2010-03-03 Thread Yaron Koren
I'm in somewhat of a unique position to comment on this, since I both do
MediaWiki extension development, and run a MediaWiki consulting company
(shameless plug: wikiworks.com) - so I personally have a financial interest
in making MediaWiki more popular and more easy-to-use. I also tend to hear a
lot about the specific frustrations people have with MediaWiki, which has
led to my development of certain extensions, like Admin Links, which defines
a page meant to serve as a control panel for administrators:

http://www.mediawiki.org/wiki/Extension:Admin_Links

Troll-like as the original email was, :) it brought up some fairly common
complaints.

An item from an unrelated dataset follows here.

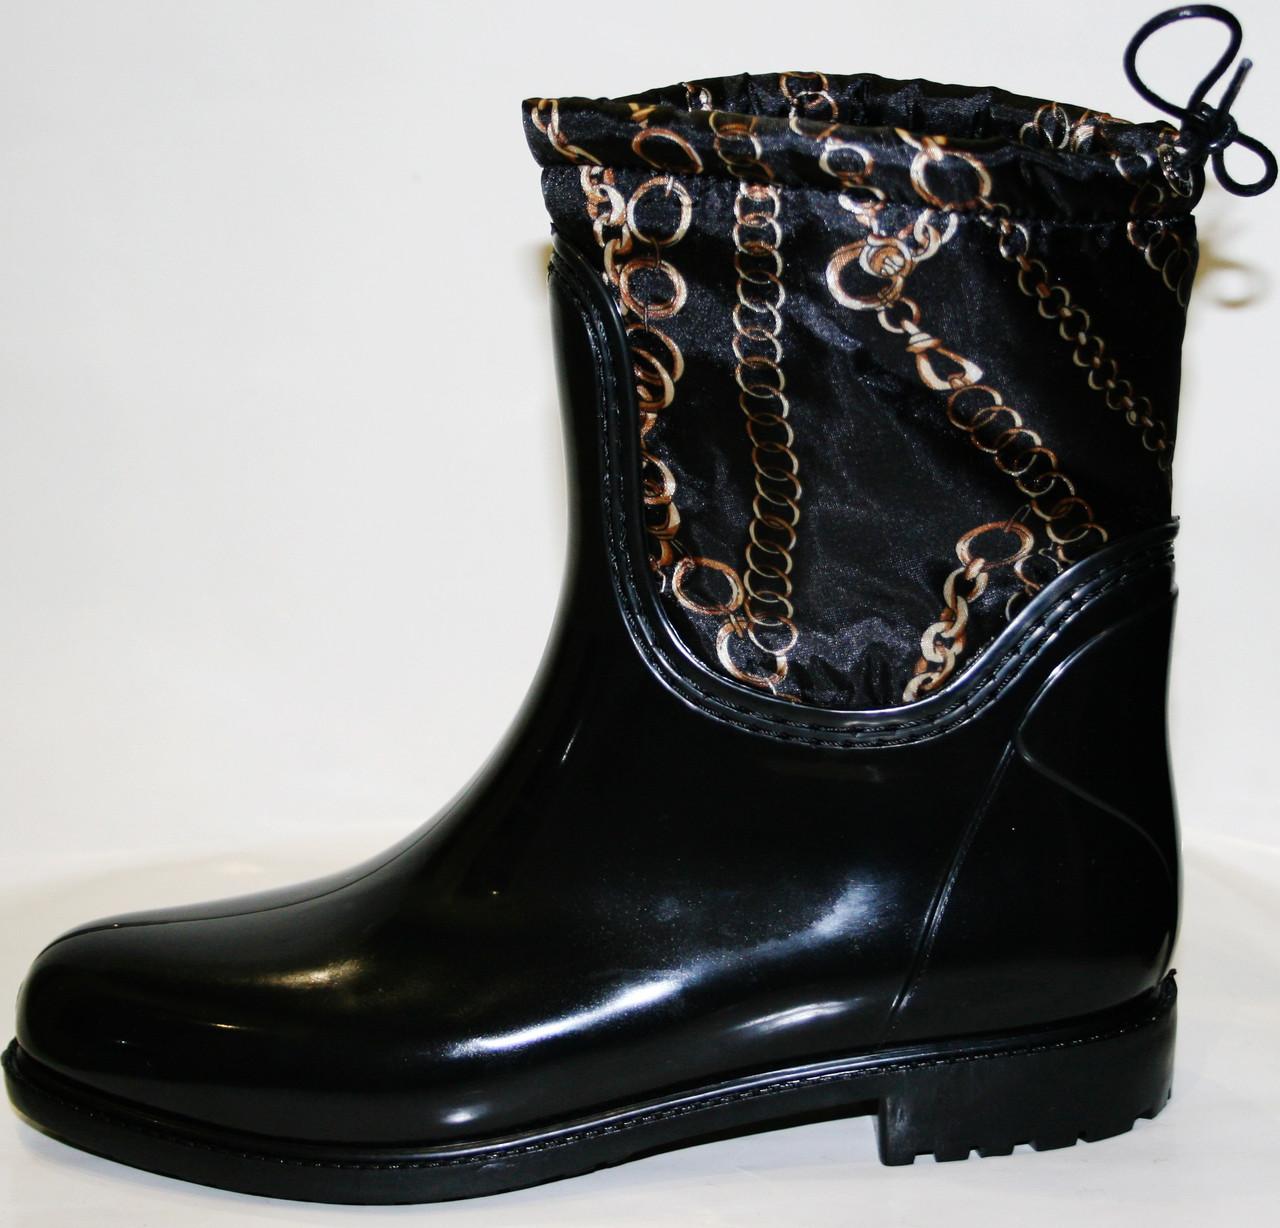 83cd3d803 Резиновые сапоги женские Valex 46112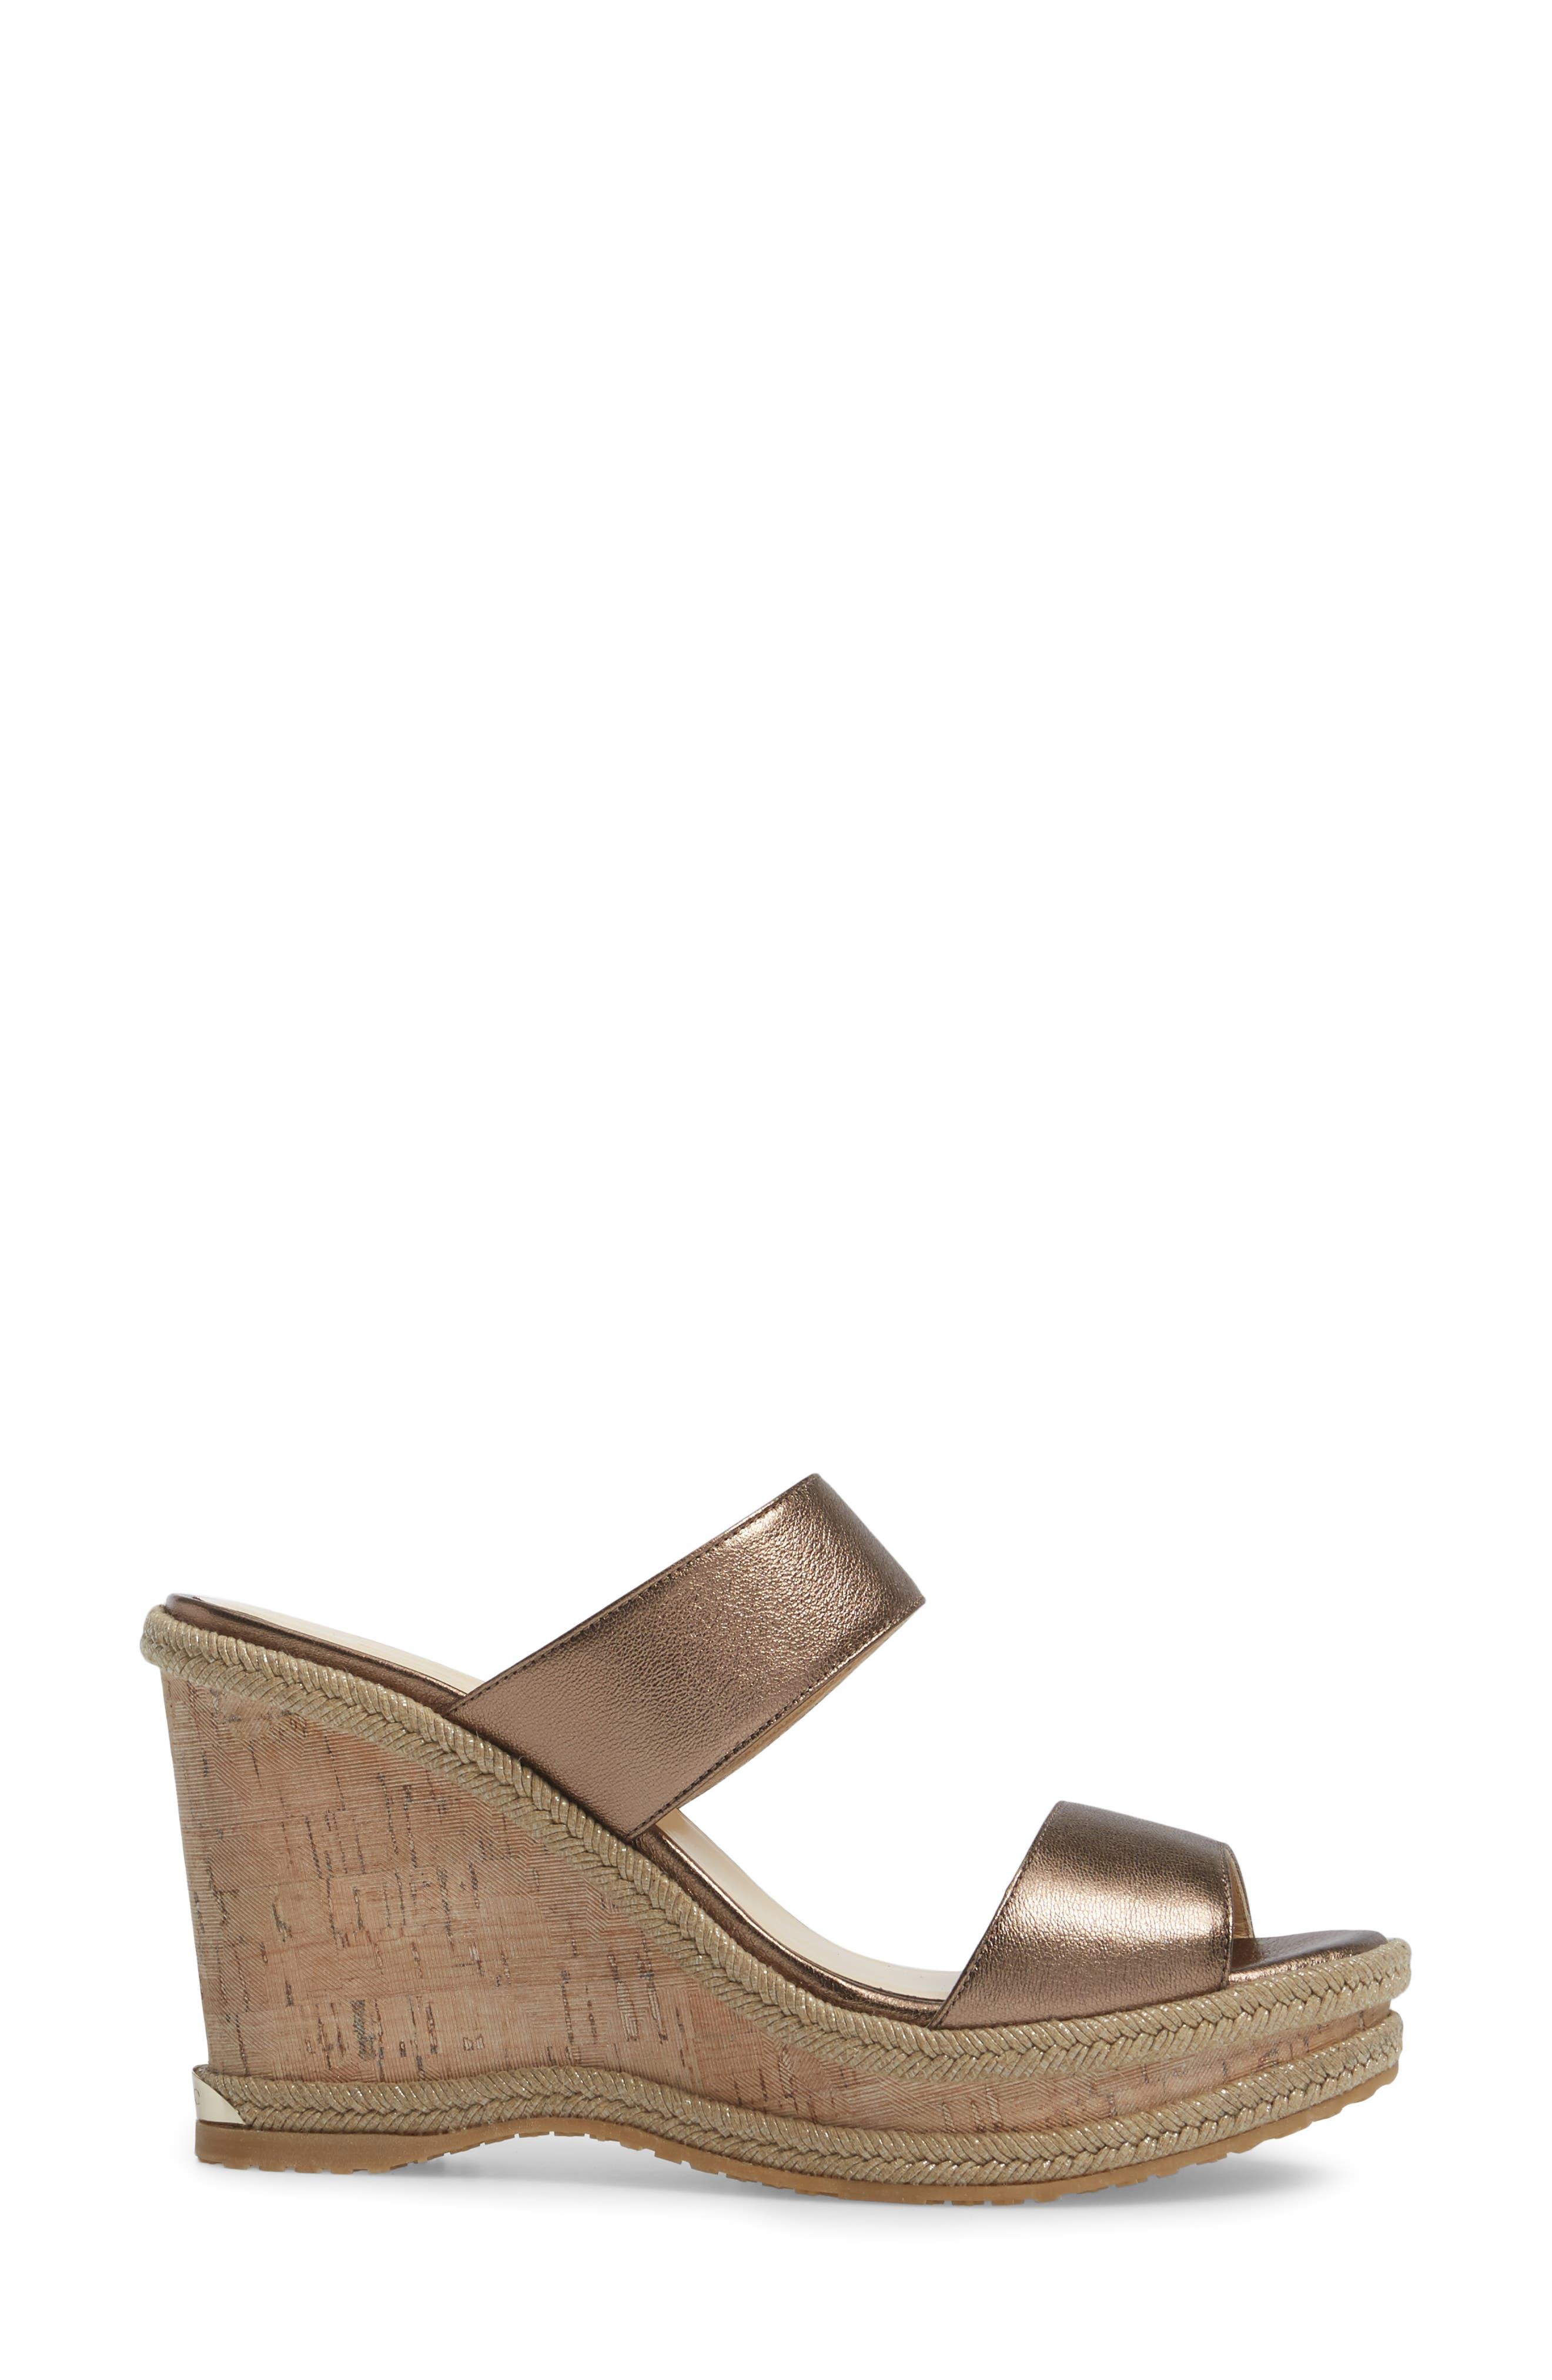 Alternate Image 3  - Jimmy Choo Parker Wedge Sandal (Women)

The basic answer to these is that they are, in fact, being
addressed: as a few people noted, the usability initiative has already
created a much nicer skin, Vector; and a planned project for the upcoming
Google Summer of Code is to provide a way to install and manage extensions
via the web browser, the way WordPress does it. A few extensions, like
Configure, also allow for a web-based substitute for editing
LocalSettings.php, though they could stand some improvement.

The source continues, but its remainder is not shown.